[[ Data below open ]]

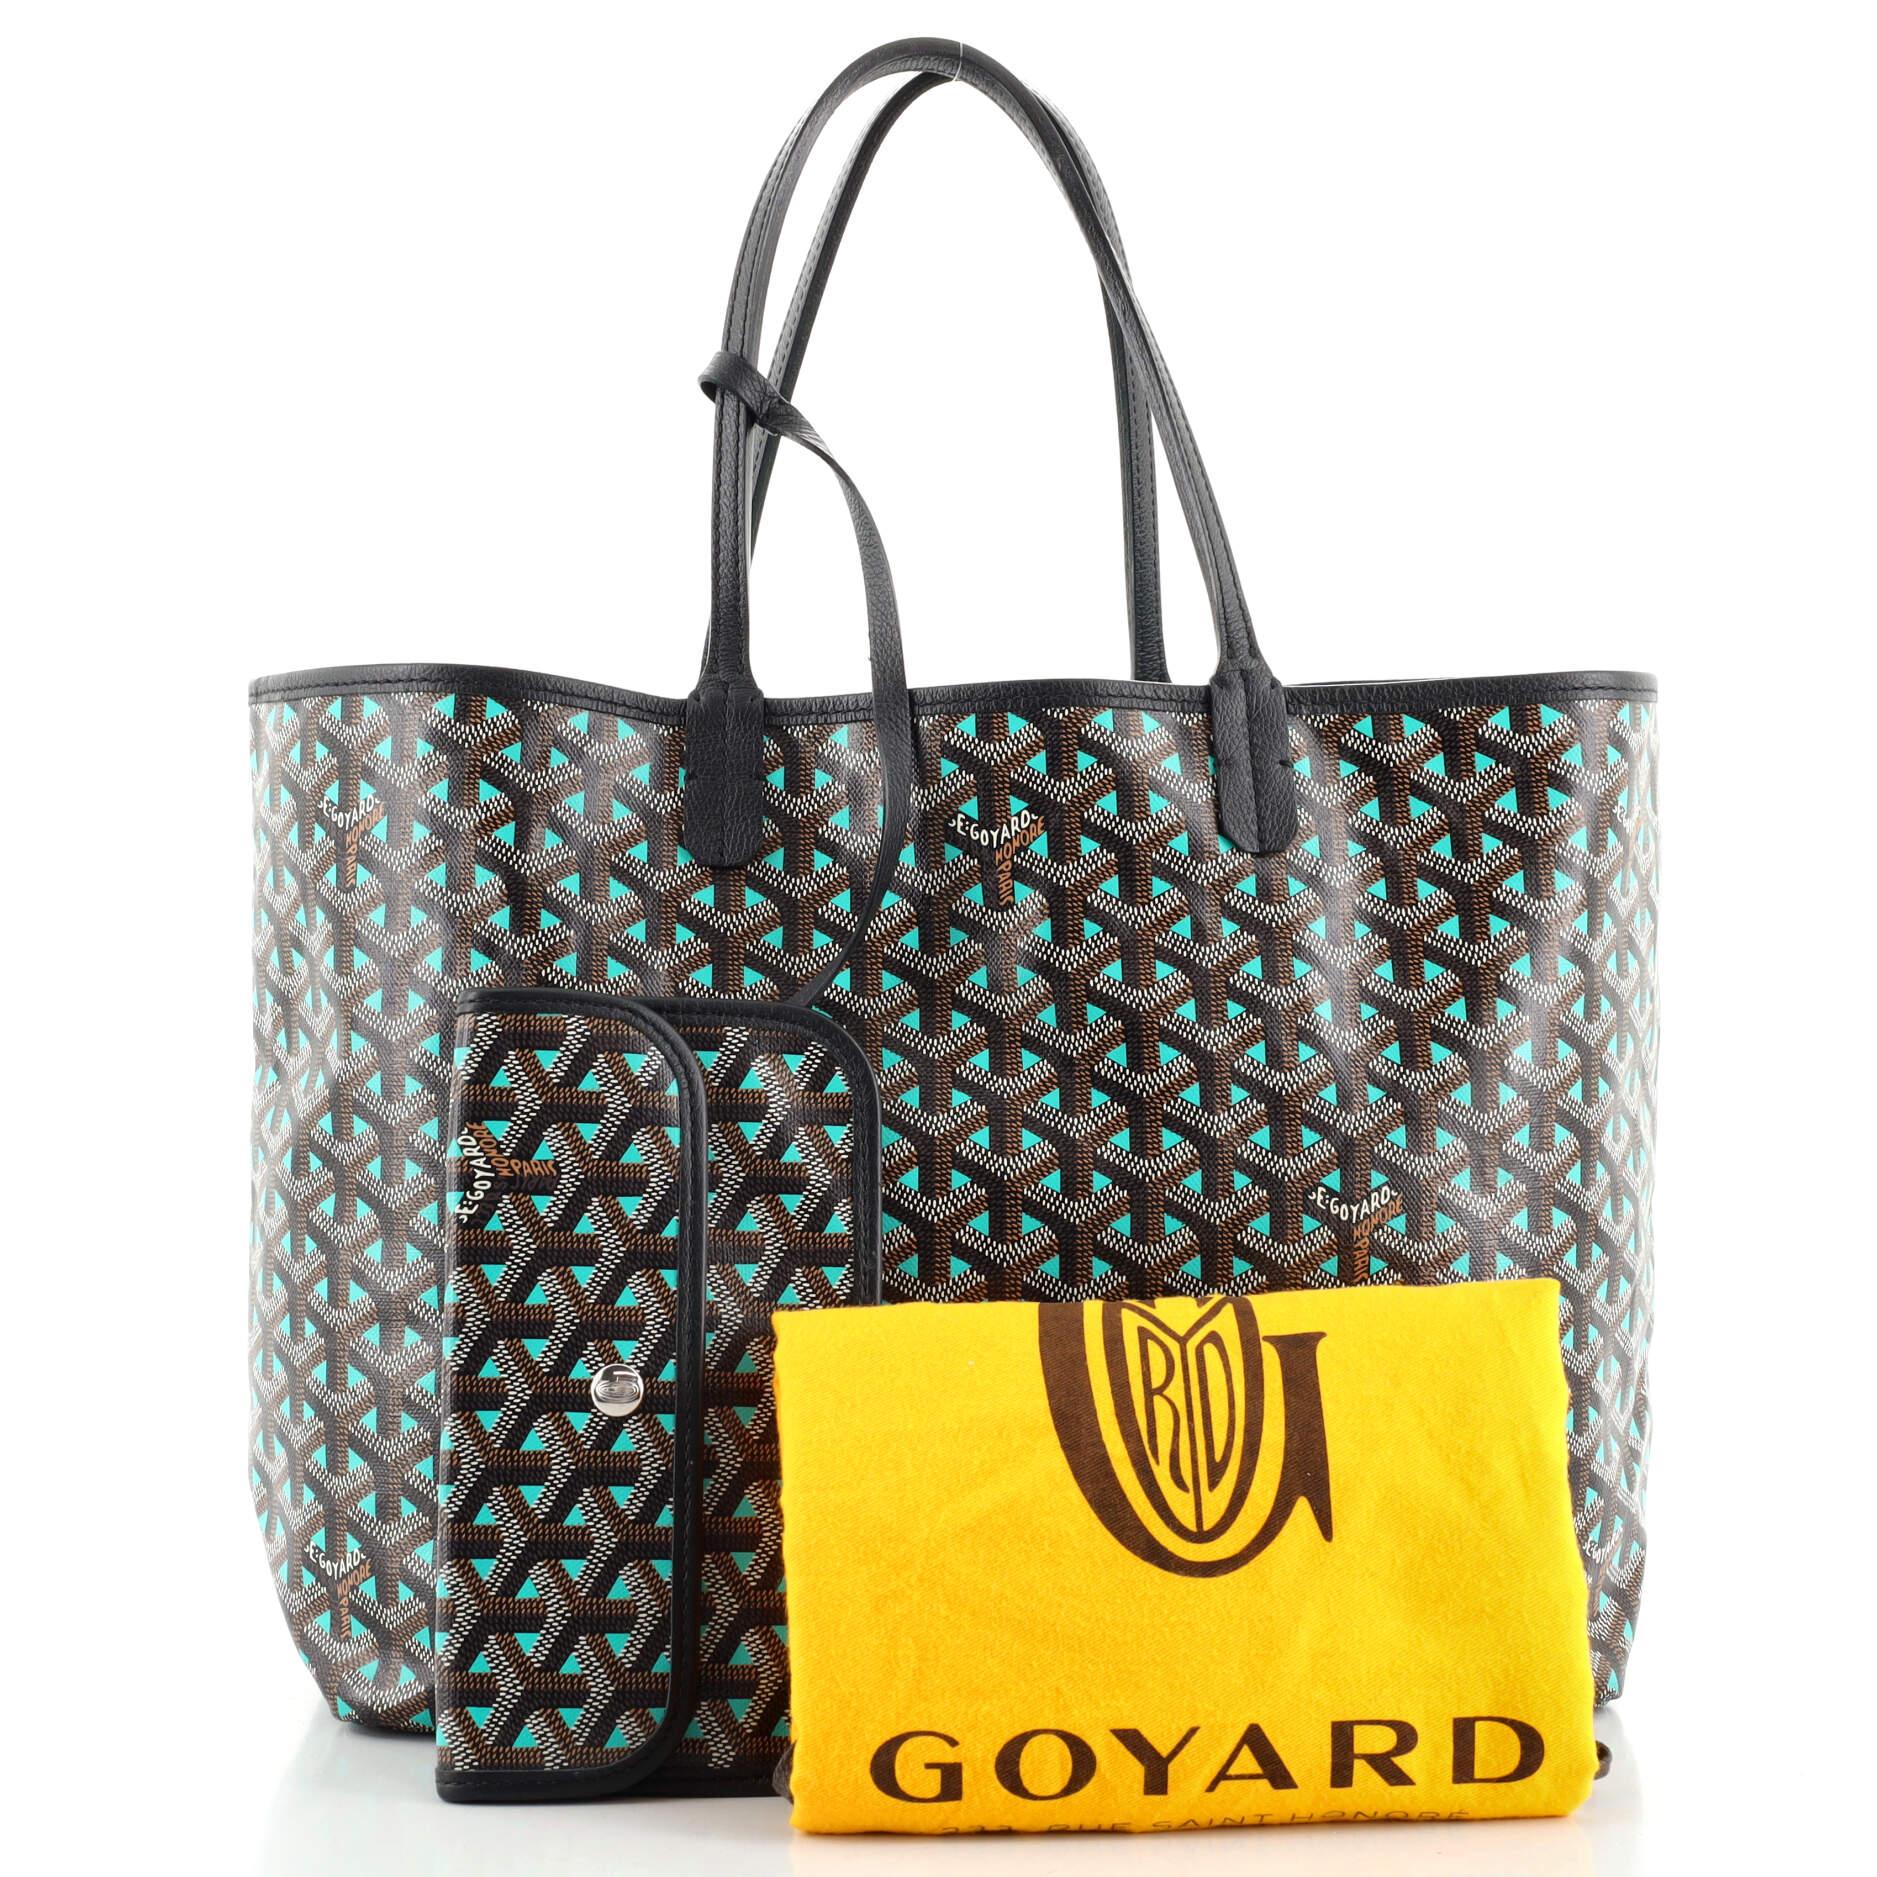 Goyard Limited - 5 For Sale on 1stDibs  goyard limited edition 2022, goyard  limited edition colors, goyard limited edition 2021
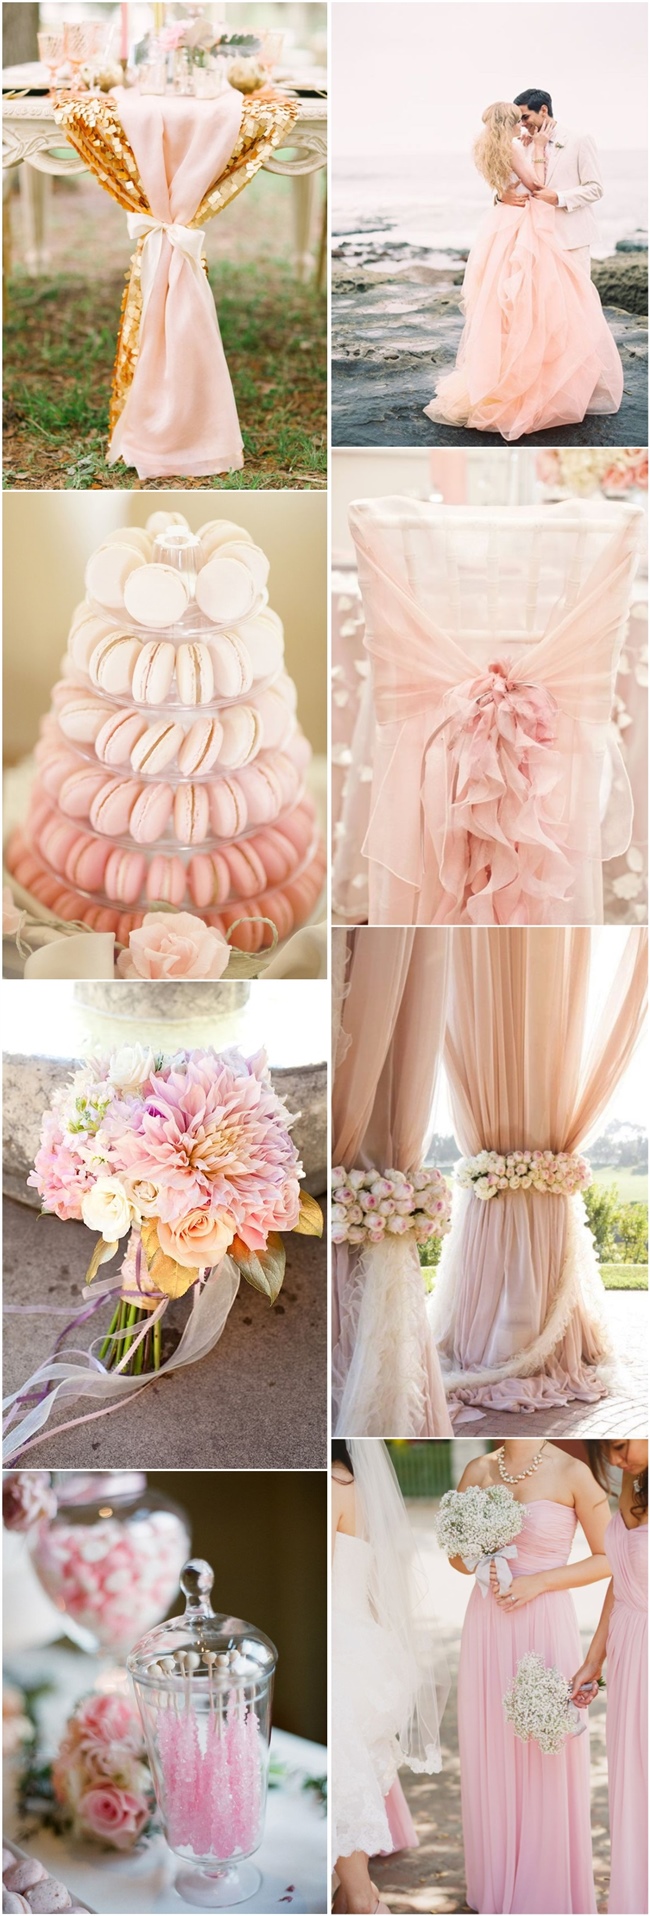 pink wedding ideas-blush wedding color ideas
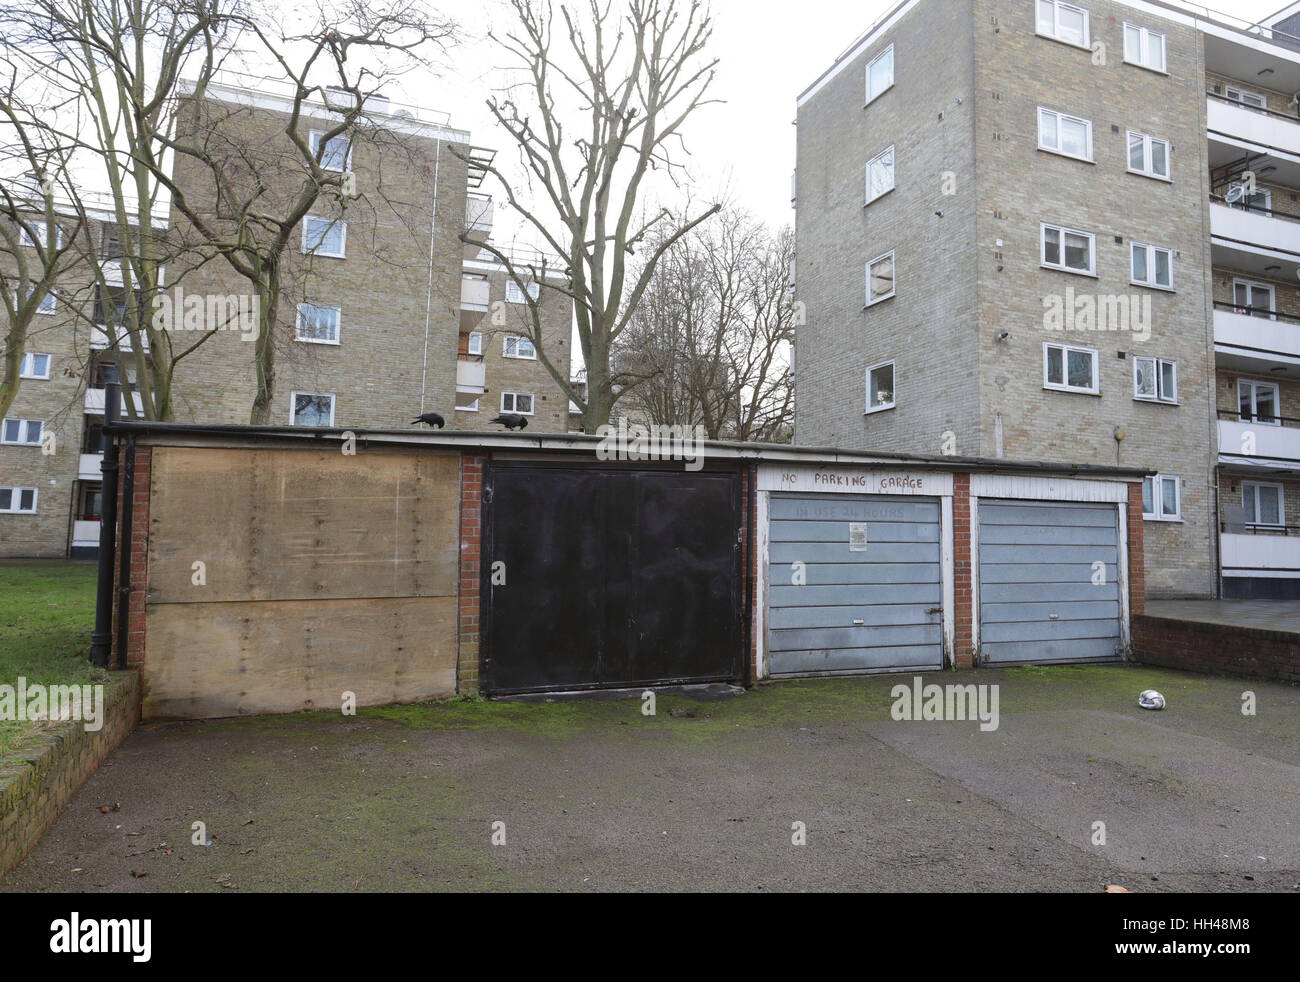 Vue générale de garages sur le Quadrant Highbury estate dans le nord de Londres, alors que des milliers de nouvelles maisons pourraient être créés à travers Londres si l'espace occupé par l'ancien conseil en propriété garages a été libéré, la recherche suggère. Banque D'Images
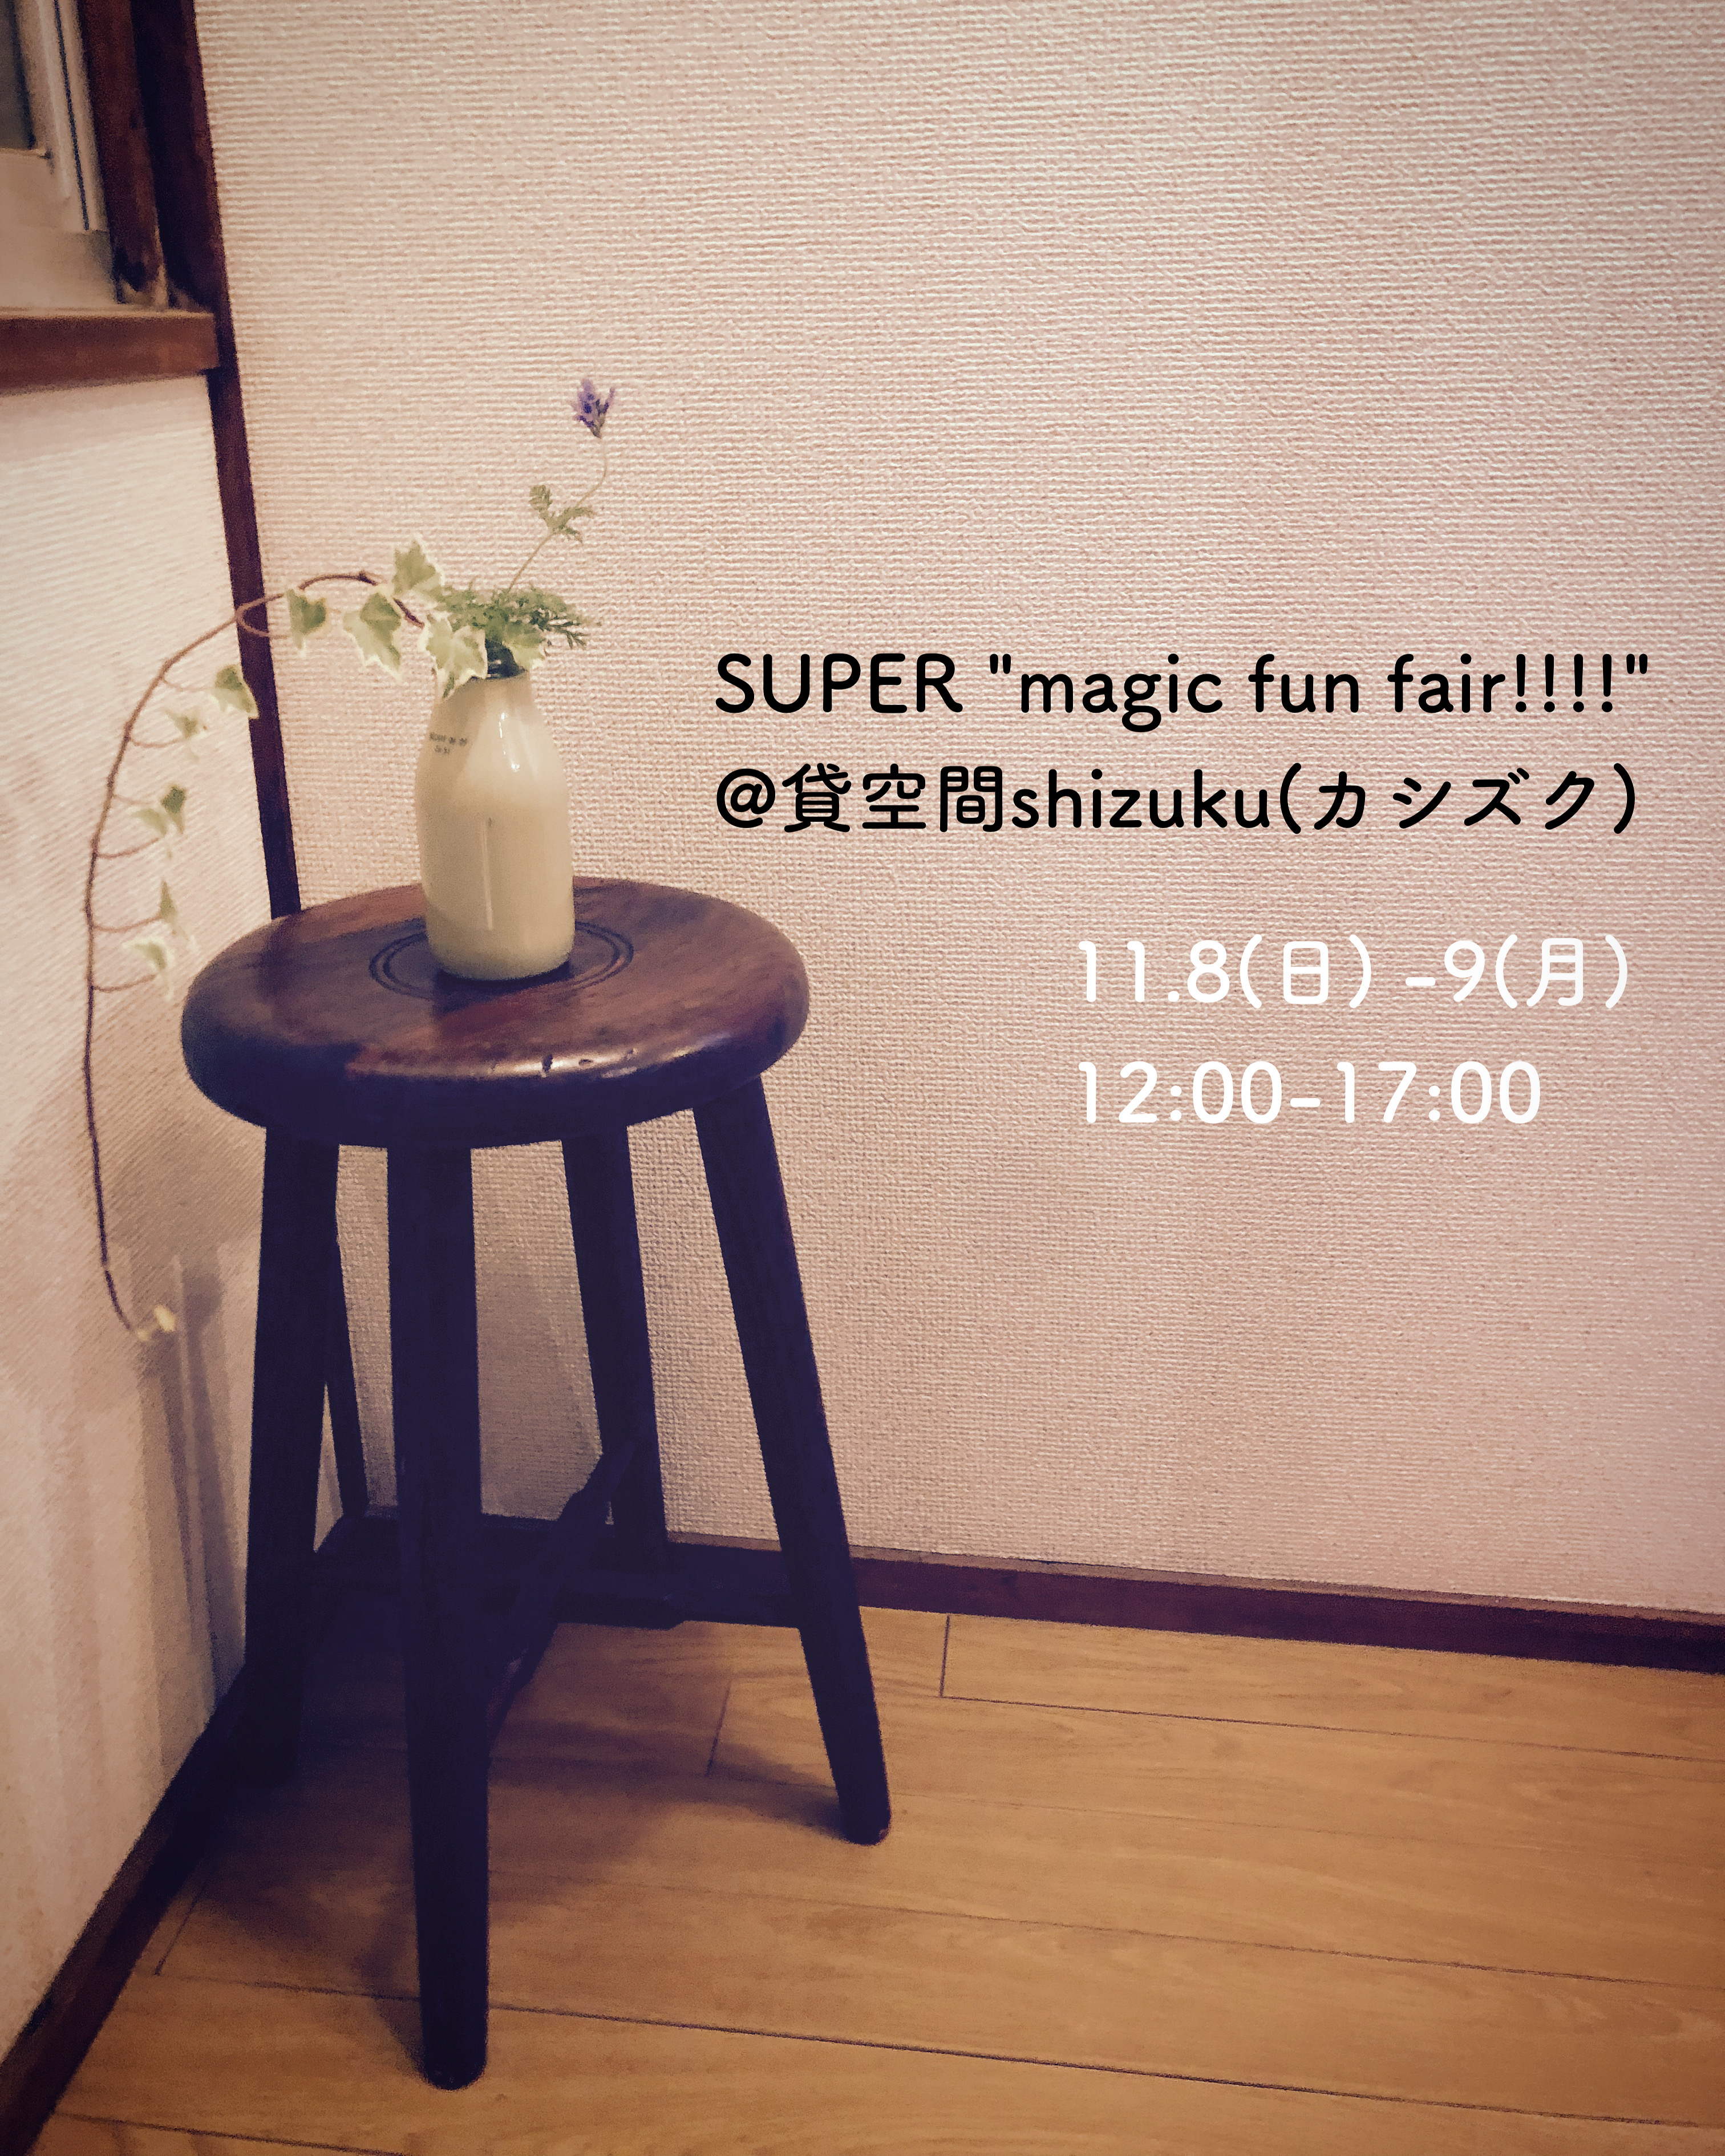 SUPER 'magic fun fair!!!!" 202011

[[ Data below closed ]]

Work request: Without the pictures, retype exactly the lines from the one that holds "Vue générale de" to the last line of the data above, both of them included.

Answer to the problem:
 Vue générale de garages sur le Quadrant Highbury estate dans le nord de Londres, alors que des milliers de nouvelles maisons pourraient être créés à travers Londres si l'espace occupé par l'ancien conseil en propriété garages a été libéré, la recherche suggère. Banque D'Images
 SUPER 'magic fun fair!!!!" 202011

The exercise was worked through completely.